_Provided data_.
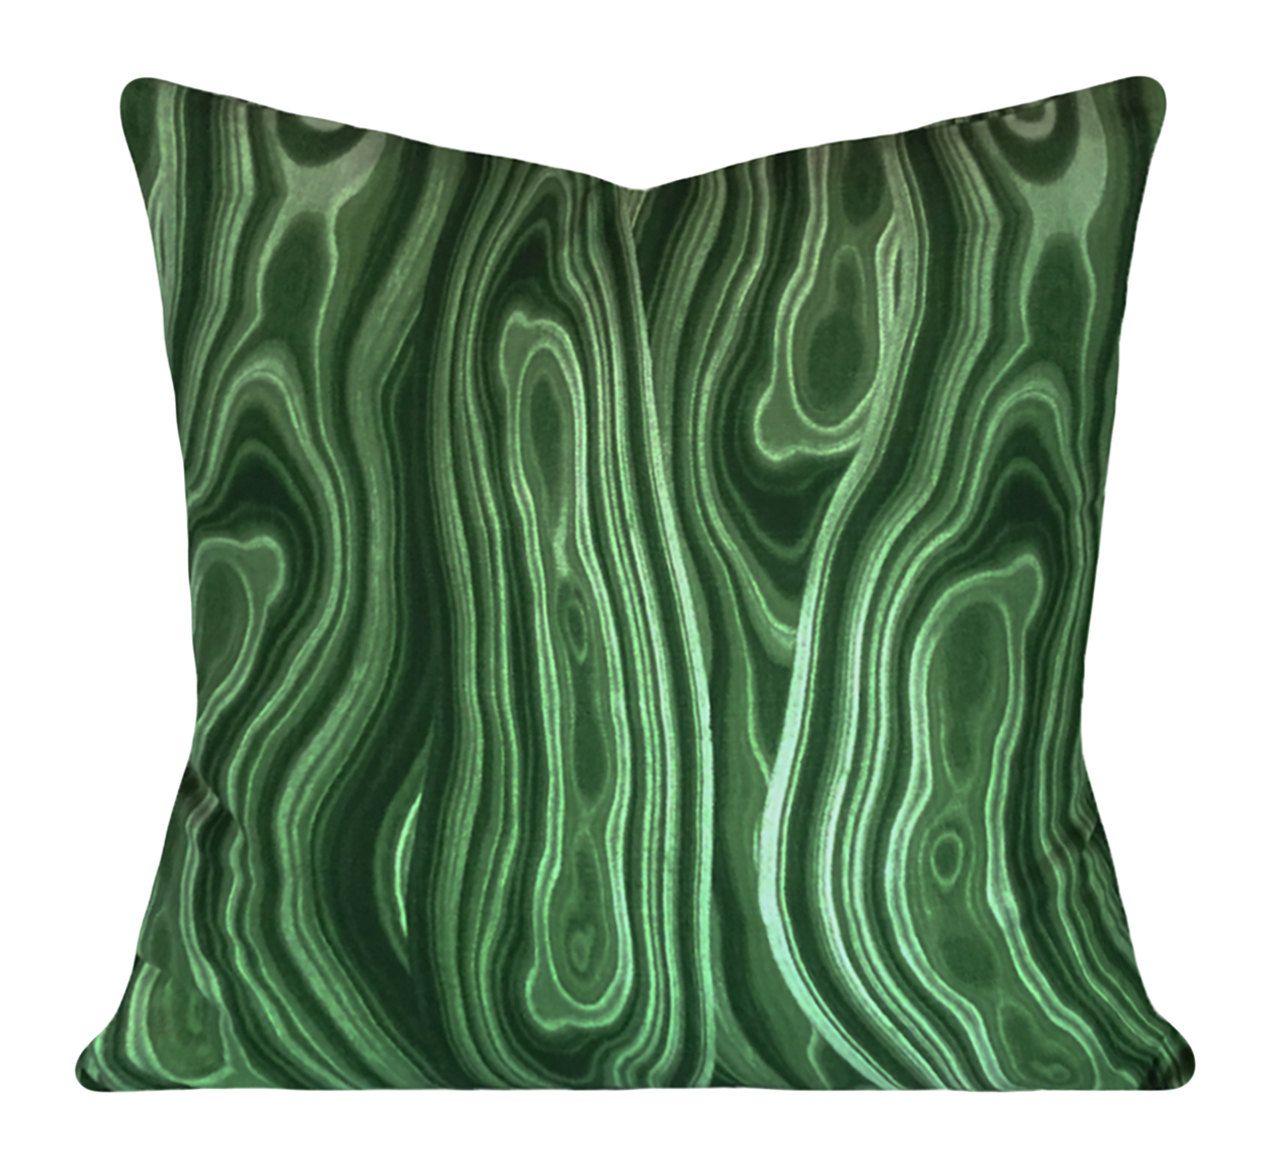 Robert allen emerald green decorative pillow cover both sides
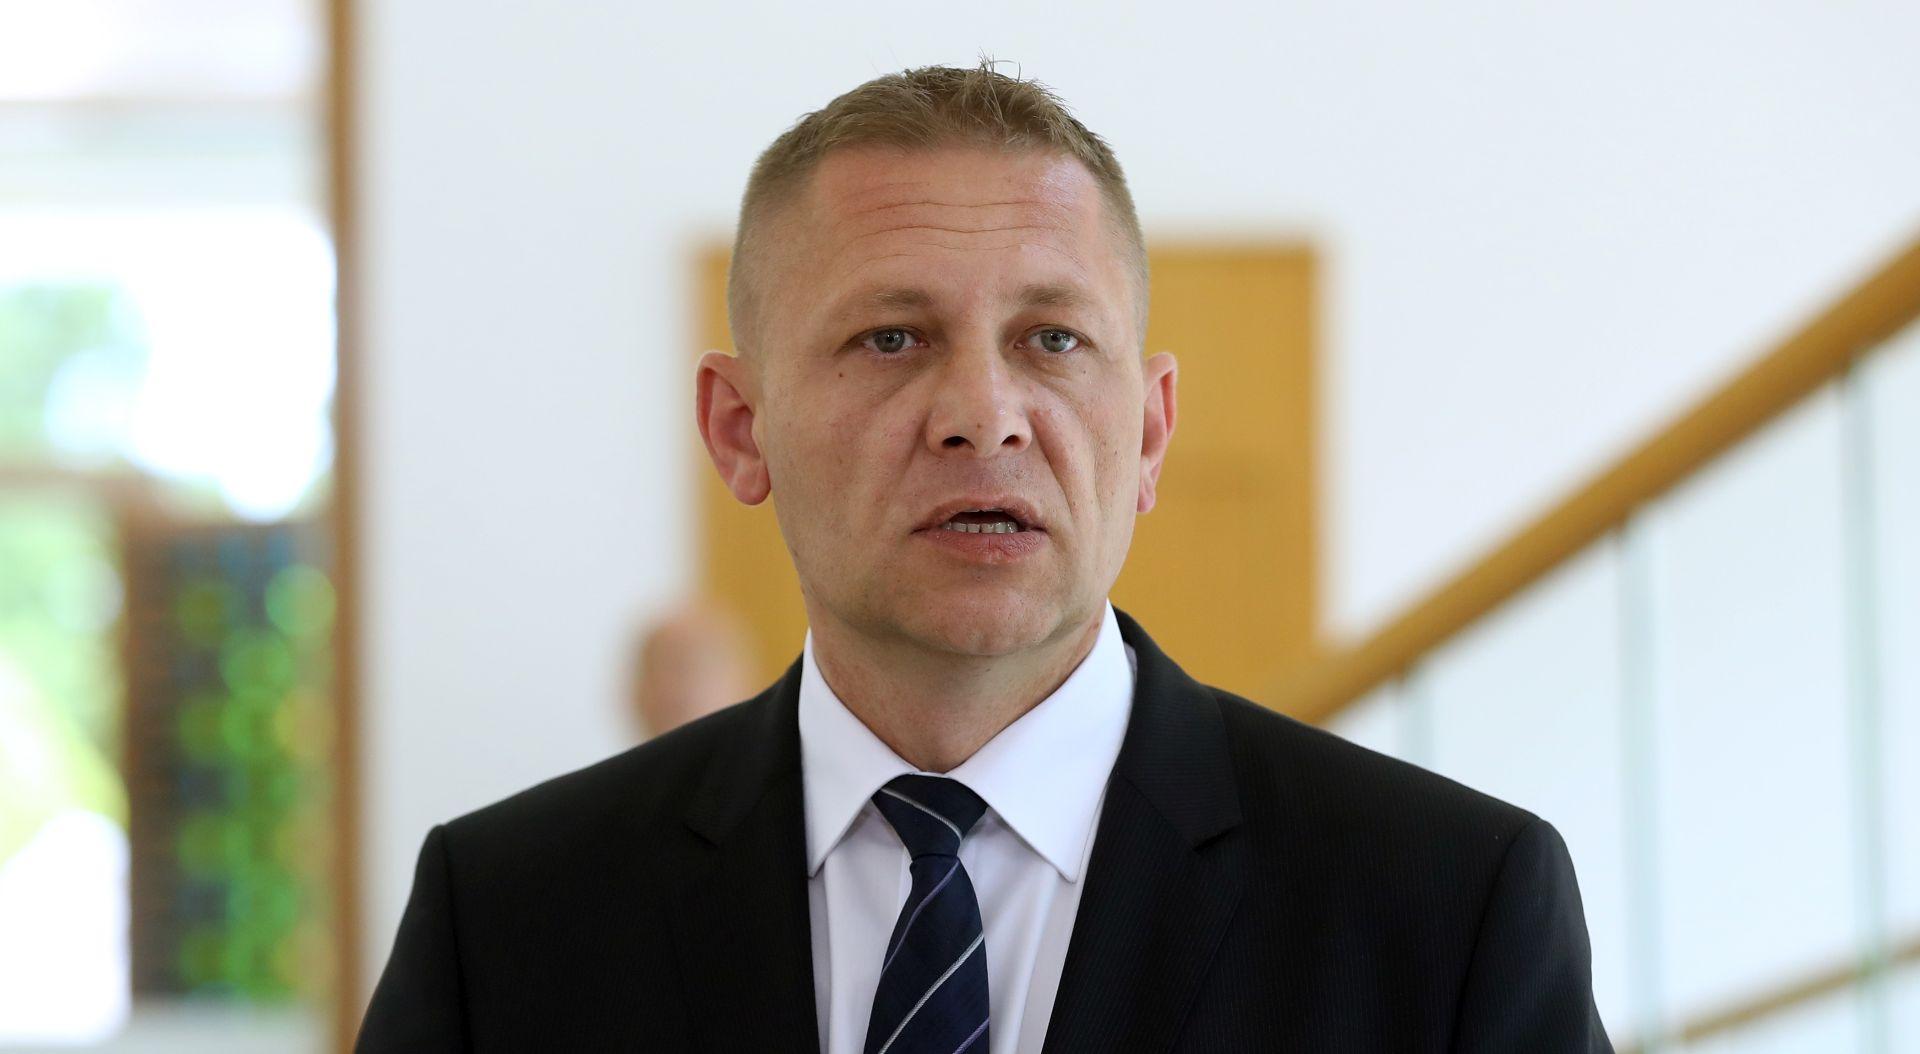 Beljak primio prijetnje smrću, reagirala i policija
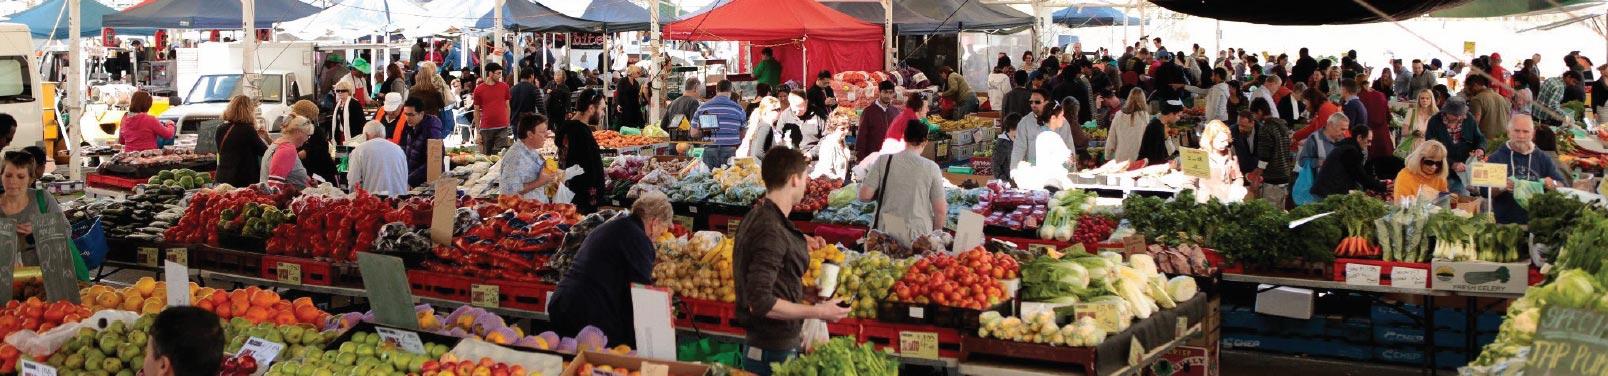 The Brisbane Markets
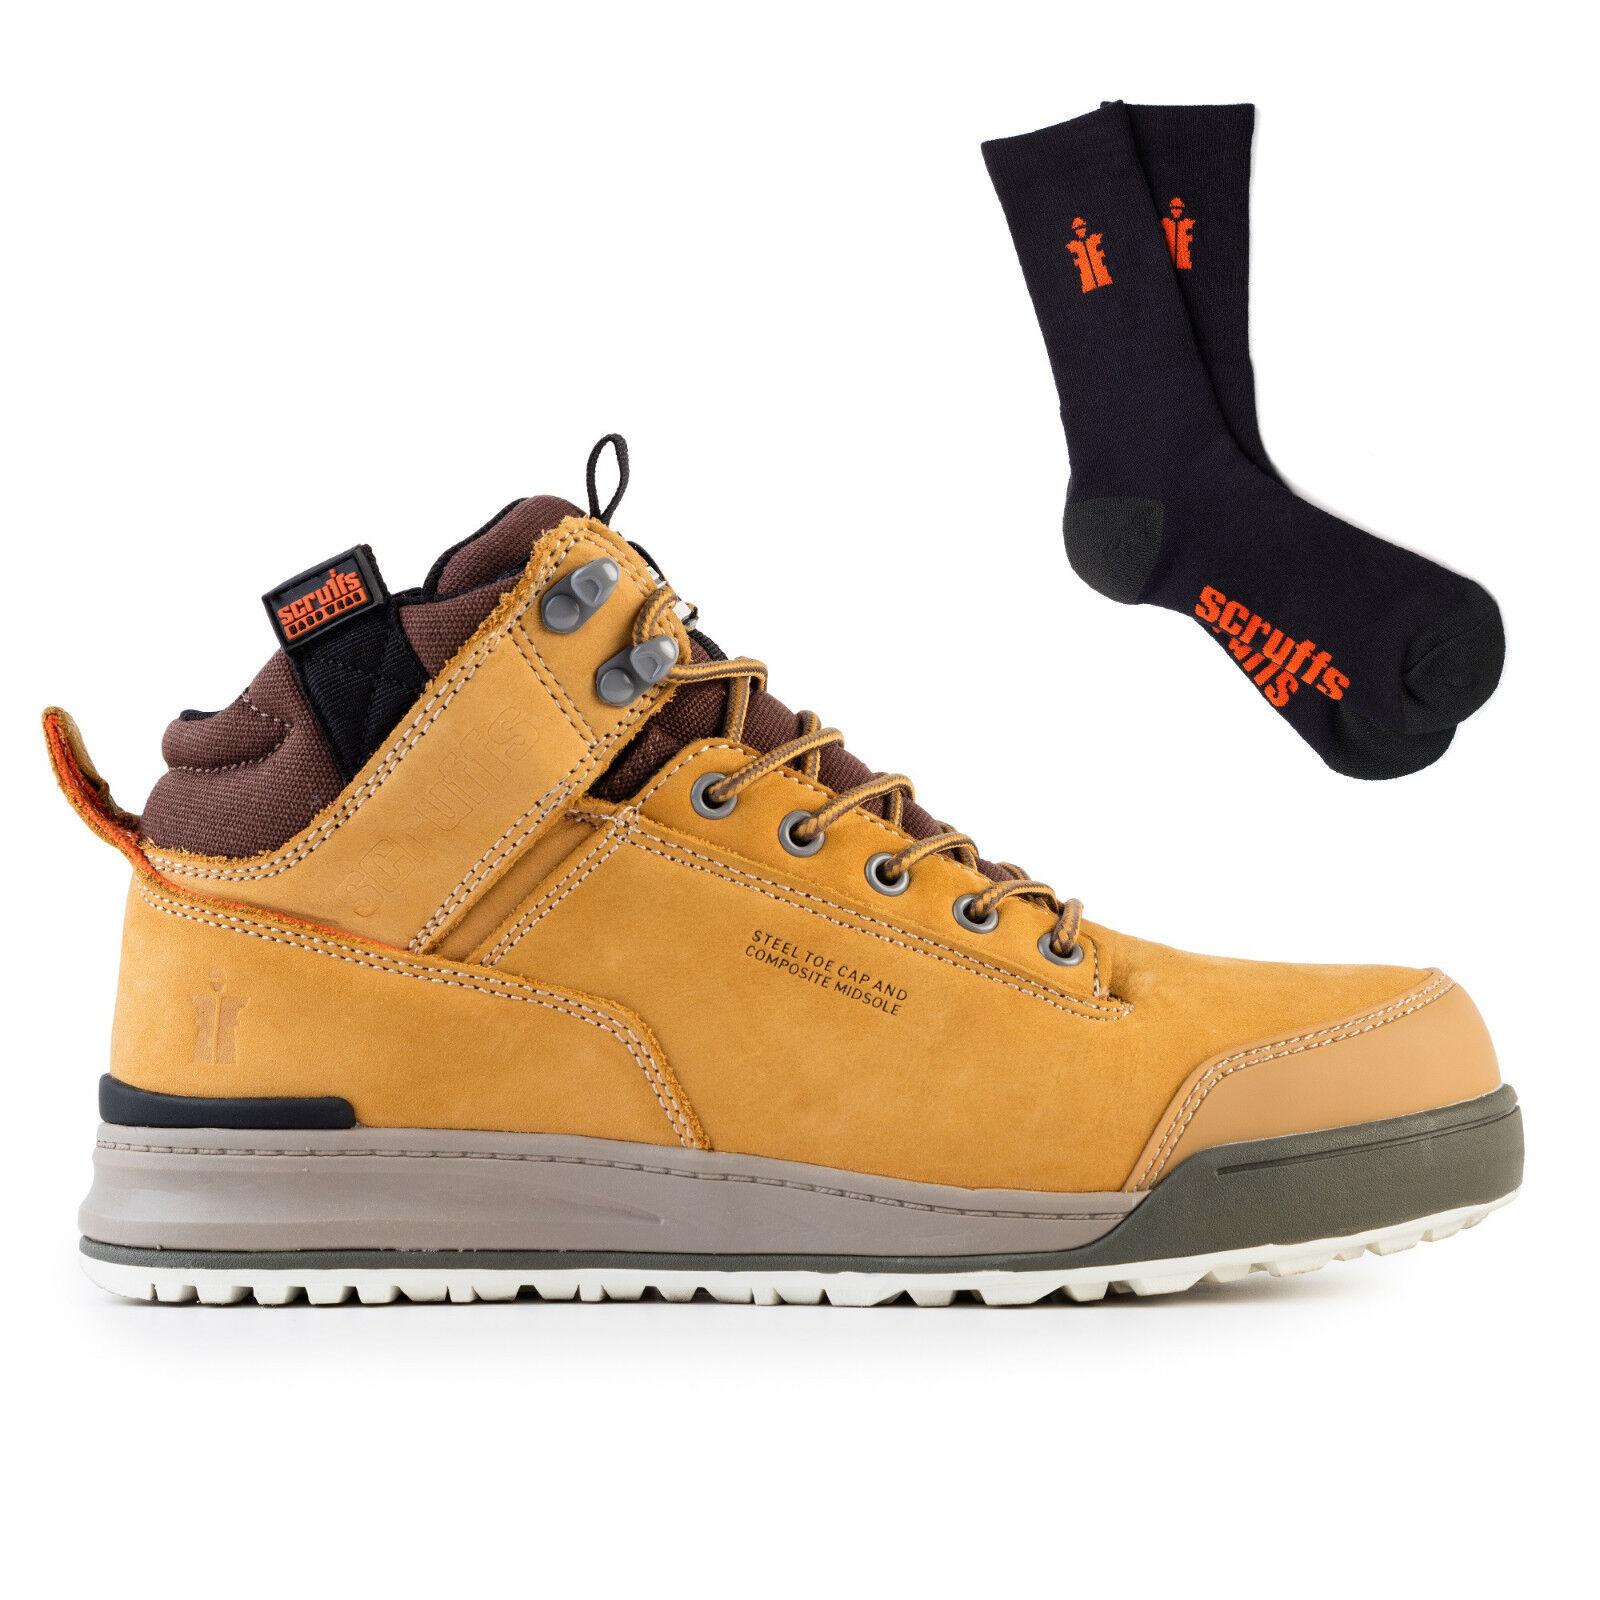 Scruffs Switchback   Herren Safety Work Stiefel Steel Toe Worker TAN with 3 Pack Worker Toe Socks 9e268e

_What to do_. Could you transcribe exactly the lines from the one with "The Brisbane Markets" through the end of the data, both ends included, and nothing else, skipping the pictures?

_Completed task_.
 The Brisbane Markets
 Scruffs Switchback   Herren Safety Work Stiefel Steel Toe Worker TAN with 3 Pack Worker Toe Socks 9e268e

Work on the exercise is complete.